Continuing our irregular series of user reviews, forum stalwart Marc Crane tests the latest word in bunny-shaped home communications devices -- the Karotz. If you have a review of a product you would like to appear on Crave and you're prepared to put the same care and attention into it that Marc has, email it to email@example.com and we'll publish the best.
While a 'Wi-Fi connected rabbit with moving ears' sounds like something risqué that SJP may rave about with her Sex and the City ladyfriends, the Karotz is instead a very cute, well-made and well-connected communications device for the home.
With adorable looks, complete with moving ears and flashing LED belly, the Karotz is the third incarnation of the original Nabaztag. You can snare one for around £85. But what the heck is it? Read on to follow the rabbit down the hole.
Should I buy the Karotz?
You'll be none the wiser clicking 'What is Karotz' on its website but we've boiled the bunny down to its soupy essence, and picked over the bones. At its heart, it's a cutesy gadget that will wake you up in the morning, tell you the weather, read out Facebook and Twitter updates, alert you to new messages, play music and run apps.
It has a webcam, so you can use it to monitor your home remotely. Bark instructions and it will leap into action. And it can be goaded into performing breathtakingly nimble tricks via your mobile such as, well, twitching its ears.
Design and build
The Karotz is incredibly charming. The shiny white plastic body is well put together and the whole thing has a comforting heft. The moving ears are attached magnetically and other coloured lugs are available for purchase separately.
It uses its ear positions, speaker and the colour of its belly to communicate pertinent information. For example, a flashing green means everything is okay and your Karotz is awaiting instruction, flashing orange flags up a software update in progress and a blue flash highlights a new message.
Sound quality from the speaker is surprisingly good. It's not hi-fi quality, but as a web radio or music player for the kitchen or bedroom, it's pretty capable.
The Karotz comes complete with RFID, Wi-Fi, webcam, USB port, 256MB onboard storage for apps as well as a port for additional accessories, such as an Ethernet adaptor, music station and battery pack for completely wireless use.
The onboard storage is used for apps, so you will need to add music from a USB drive. Any one should work, although there is a rather cute tail-shaped one available as an official accessory.
Set-up and interface
Initial set-up was fairly simple. Connect the Karotz to the supplied USB cable and plug into your PC or Mac. Although the installation software failed to run first time on our Mac, it worked perfectly on the second attempt. Once the Karotz has been recognised and registered, you connect it to your Wi-Fi network.

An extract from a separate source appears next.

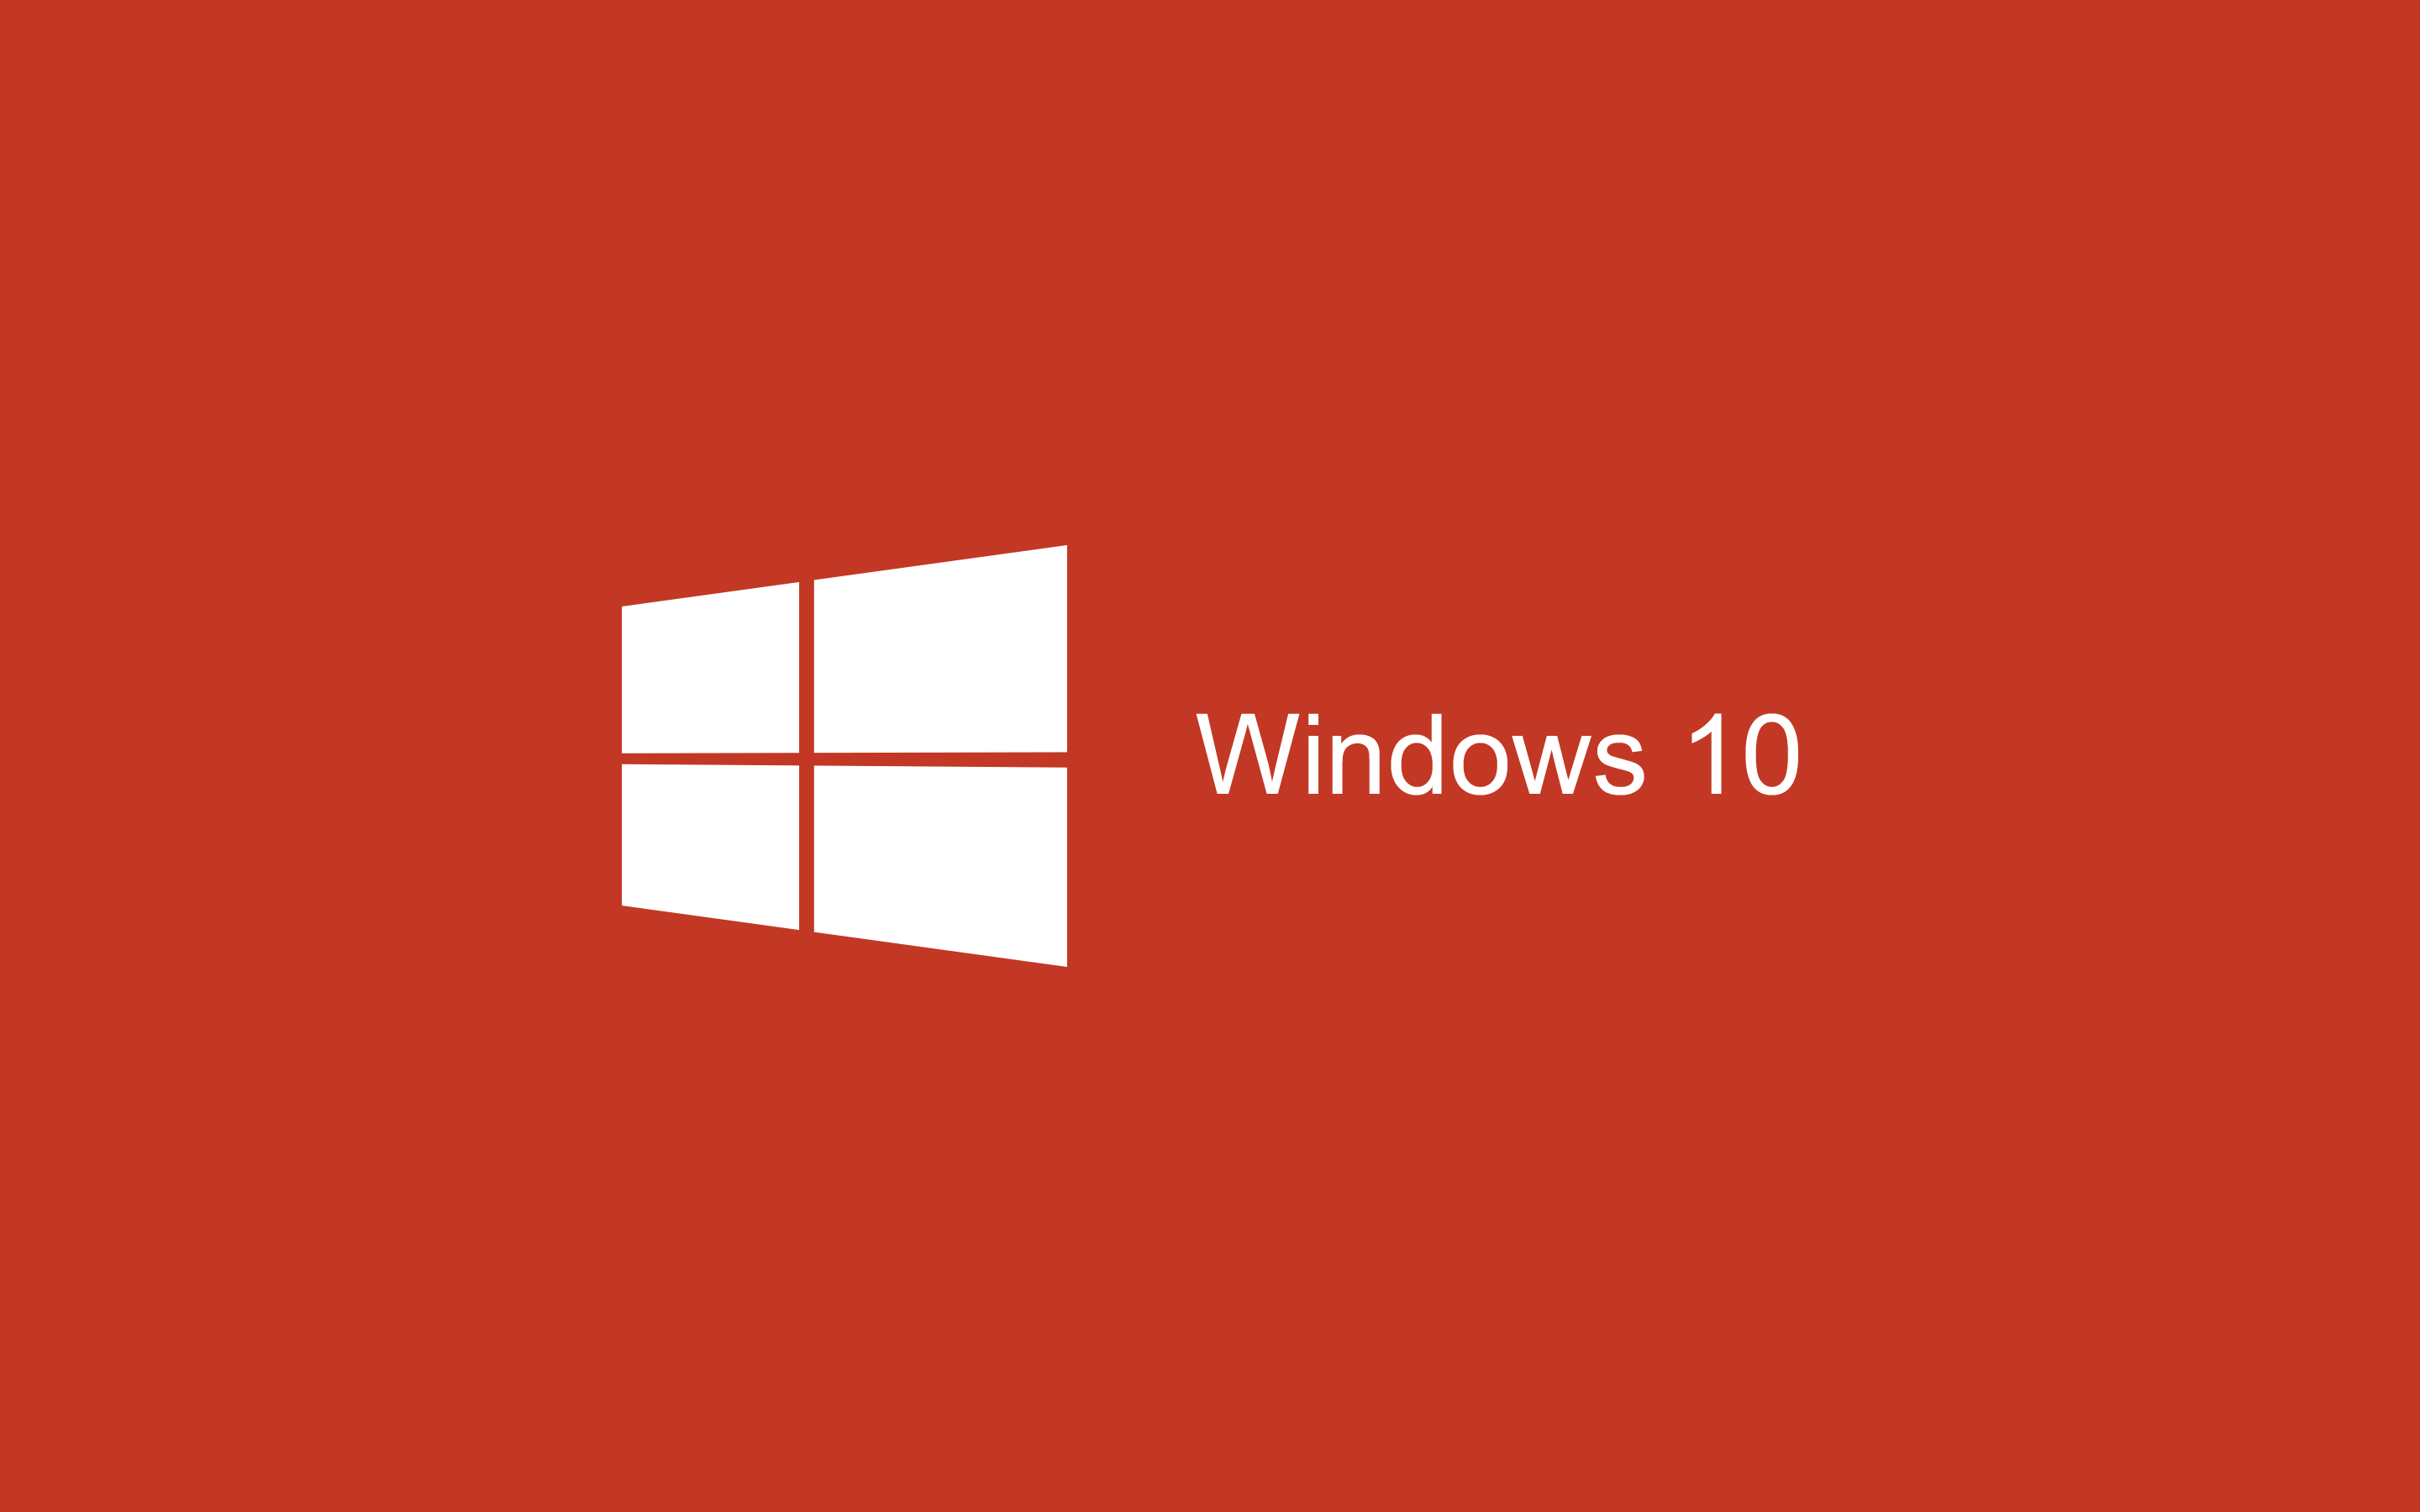 Windows 10 In Red - HD Wallpaper

Once set up, you have four ways to interact with your Karotz. Firstly, a push-button on top, which activates the voice recognition. Secondly, a smart phone app (currently available on iOS or Android). Thirdly, use the web interface. And lastly, you can program it to launch a specific app using one of the two Flatanoz RFID keyrings that come with it.
The RFID tags are set up through the web interface. Simply wave the tag in front of your Karotz's nose, and the app is launched. More Flatanoz tags are available for purchase through its website. Why would you need near-field technology? One nifty use is the 'At Home' app. When a child comes home from school, a simple swipe across the Karotz's nose with the keyring will send an email or text, letting you know they're home.
The user interface, however, lets the Karotz down a little. The web-based control system, while effective, is not the most user-friendly and there is a definite lack of decent apps in the app store. We expect this to improve as people develop more software for it.
All apps are controlled through the web interface and can be programmed to respond to voice command, automatically launch at set intervals or times, or spring into life via one of the RFID accessories.
The app store has several web radio apps, as well as RSS readers for certain websites. One clever app allows you to use the belly button webcam as a security camera. The weather app supports multiple profiles, allowing for reports for several locations. And there are lots of alarm clock apps available.
The voice-activated launching of apps is okay. You hold down the button and speak the launch phrase -- for example "weather London" -- but you need to set up the speech profiles through the web interface. We found it could struggle to understand what we were saying. Siri, this is not.
Connecting your iOS or Android device to your Karotz allows you to move its ears, change the colour of its belly, make it read out passages of text or play music, and take a picture with its belly button webcam.
The smart phone control app, while fun, does not offer enough functionality to be really useful. The ability to make your Karotz waggle its ears may be a giggle for a few minutes, but we'd have liked to have been able to launch apps like the Twitter reader or Weather from our phone, rather than have to cross the room to push the button on its head.
As soon as more apps have been developed and once some of the more glaring user interface omissions have been dealt with, the Karotz has a lot of potential as a home information gadget.
Its high-ish price tag and lack of user-friendliness mean this is a toy that will appeal to affluent geeks/developers for now, while everybody else should train their crosshairs on the Karotz and wait until its bunny bugs have been sorted.